▶ Exercise details: Below is a listing with pictures. Repeat exactly the lines starting at the one holding "A silver vow" and going on through the one holding "A green field, a", and leave every picture out.

▶ Source material:
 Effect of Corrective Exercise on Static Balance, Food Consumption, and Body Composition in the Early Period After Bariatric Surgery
...
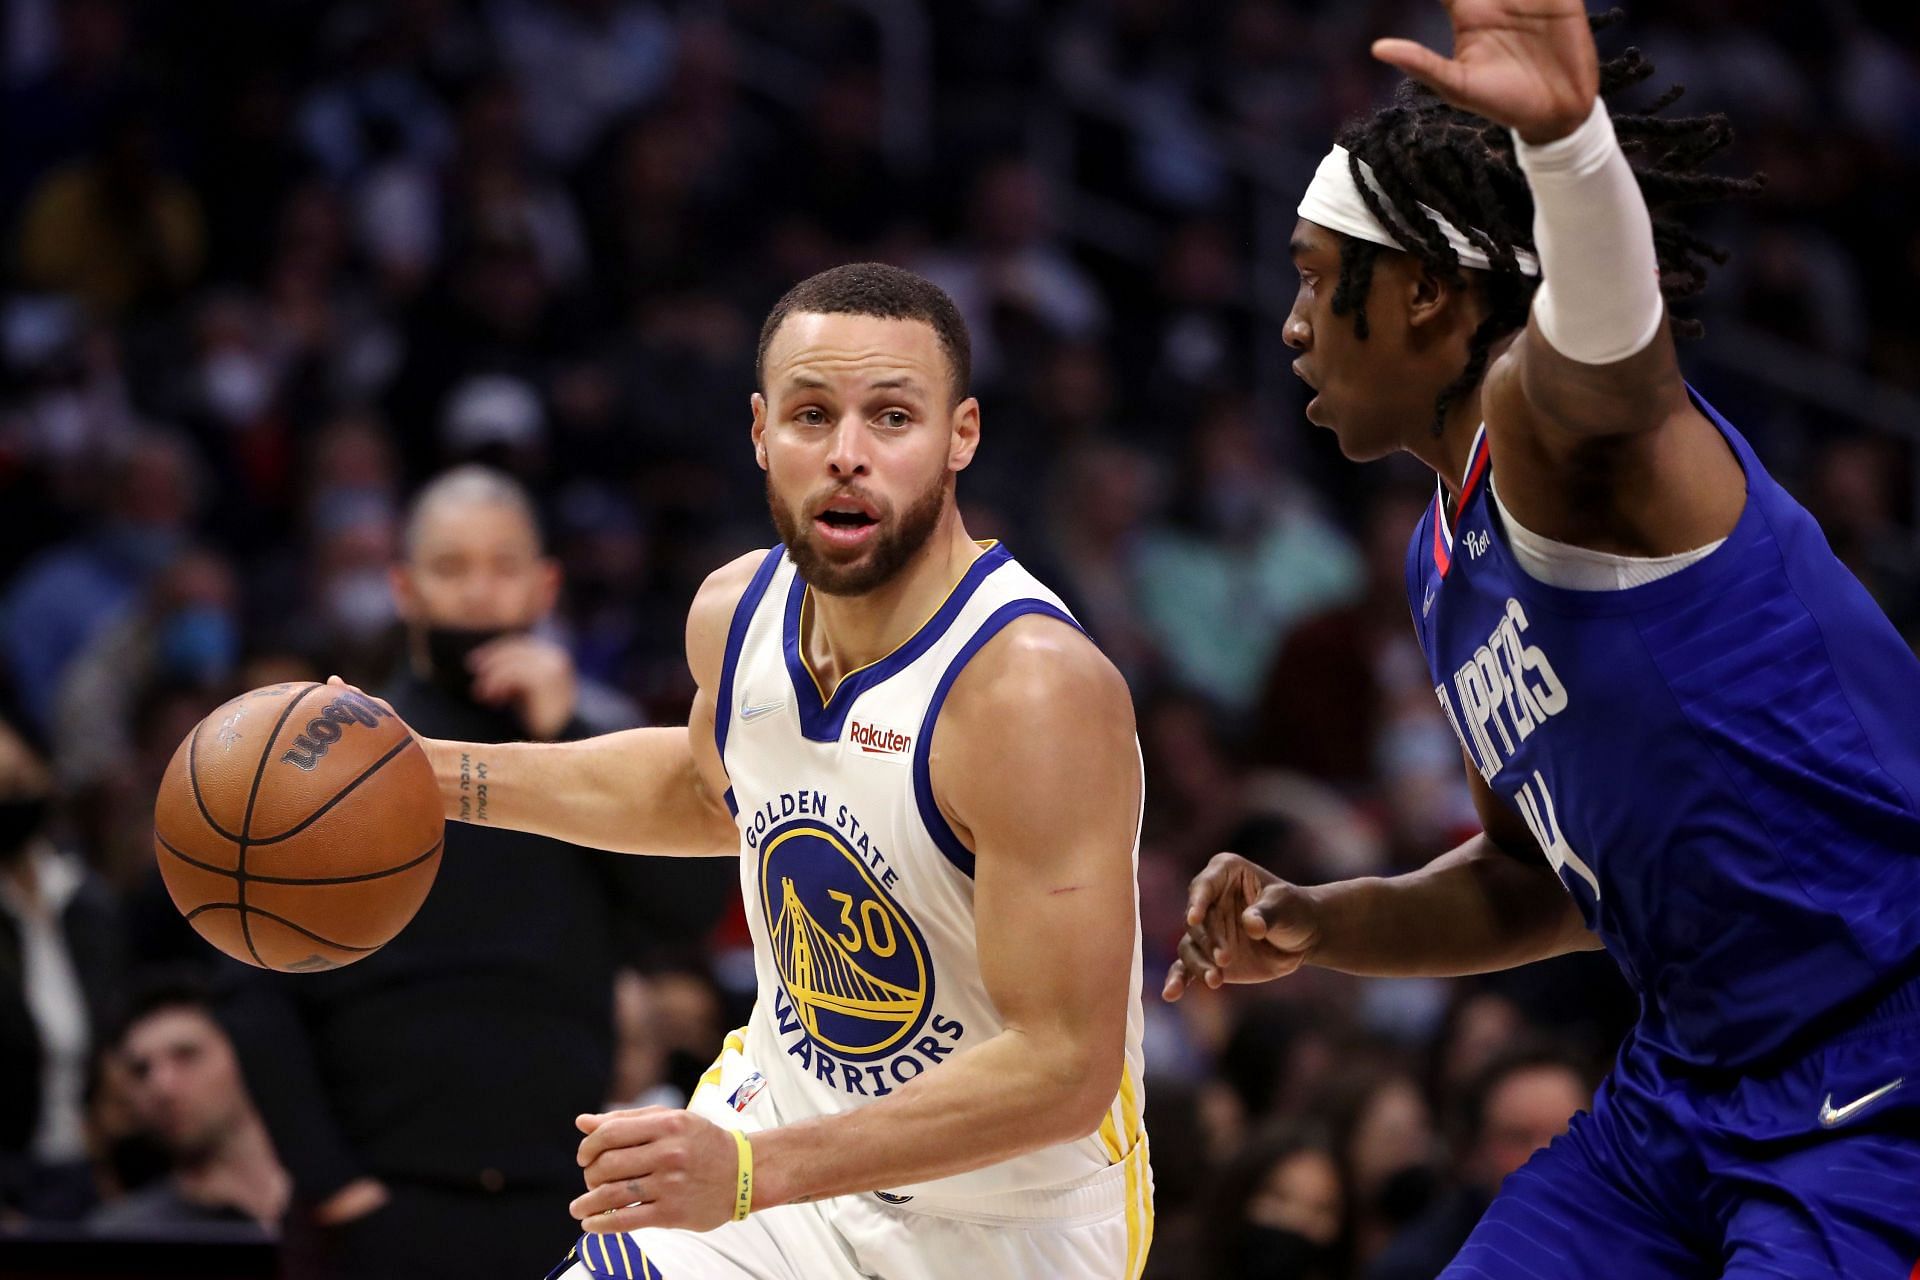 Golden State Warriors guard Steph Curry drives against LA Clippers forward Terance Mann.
==
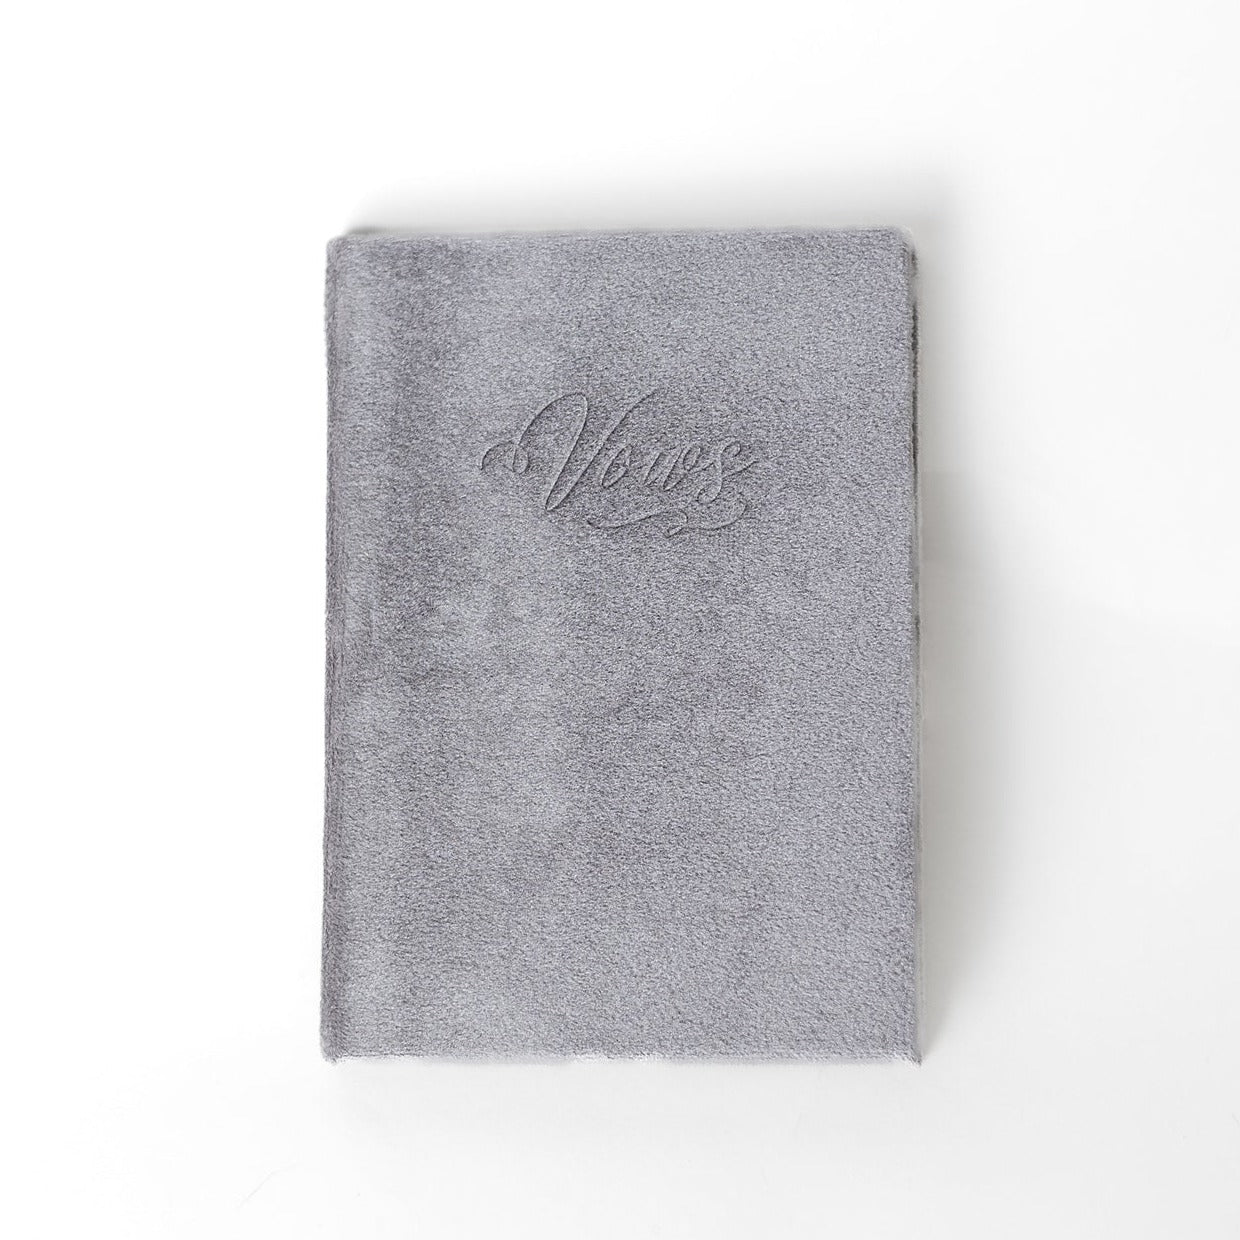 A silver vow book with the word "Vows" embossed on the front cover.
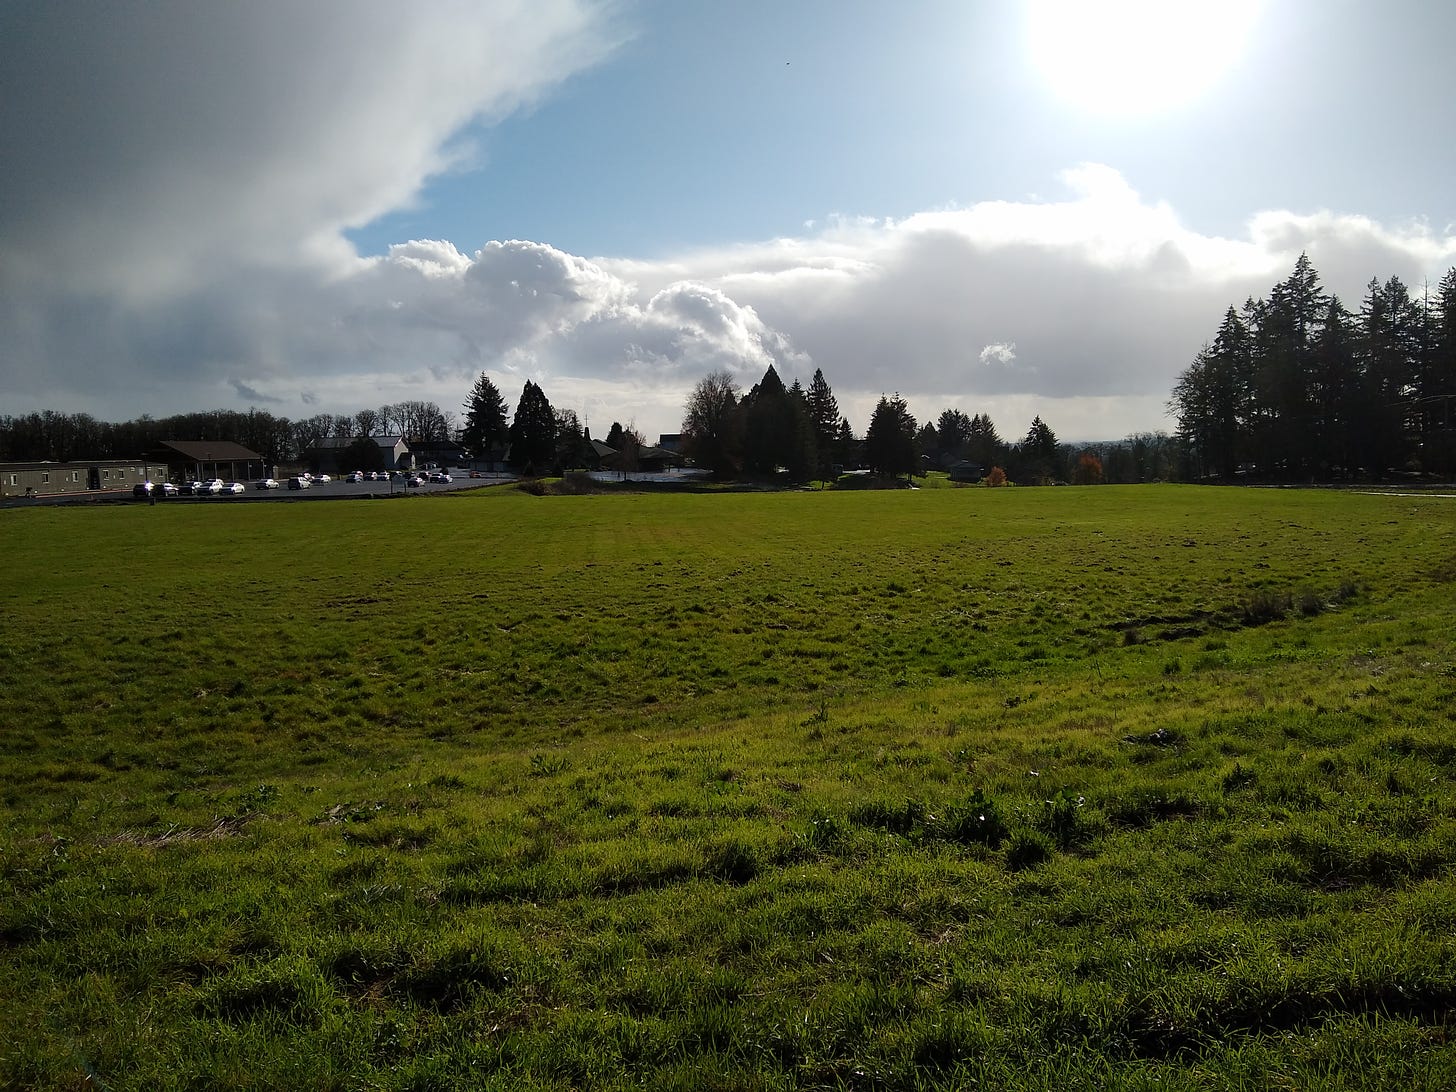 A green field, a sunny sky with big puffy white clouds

▶ Task result:
 A silver vow book with the word "Vows" embossed on the front cover.
 A green field, a sunny sky with big puffy white clouds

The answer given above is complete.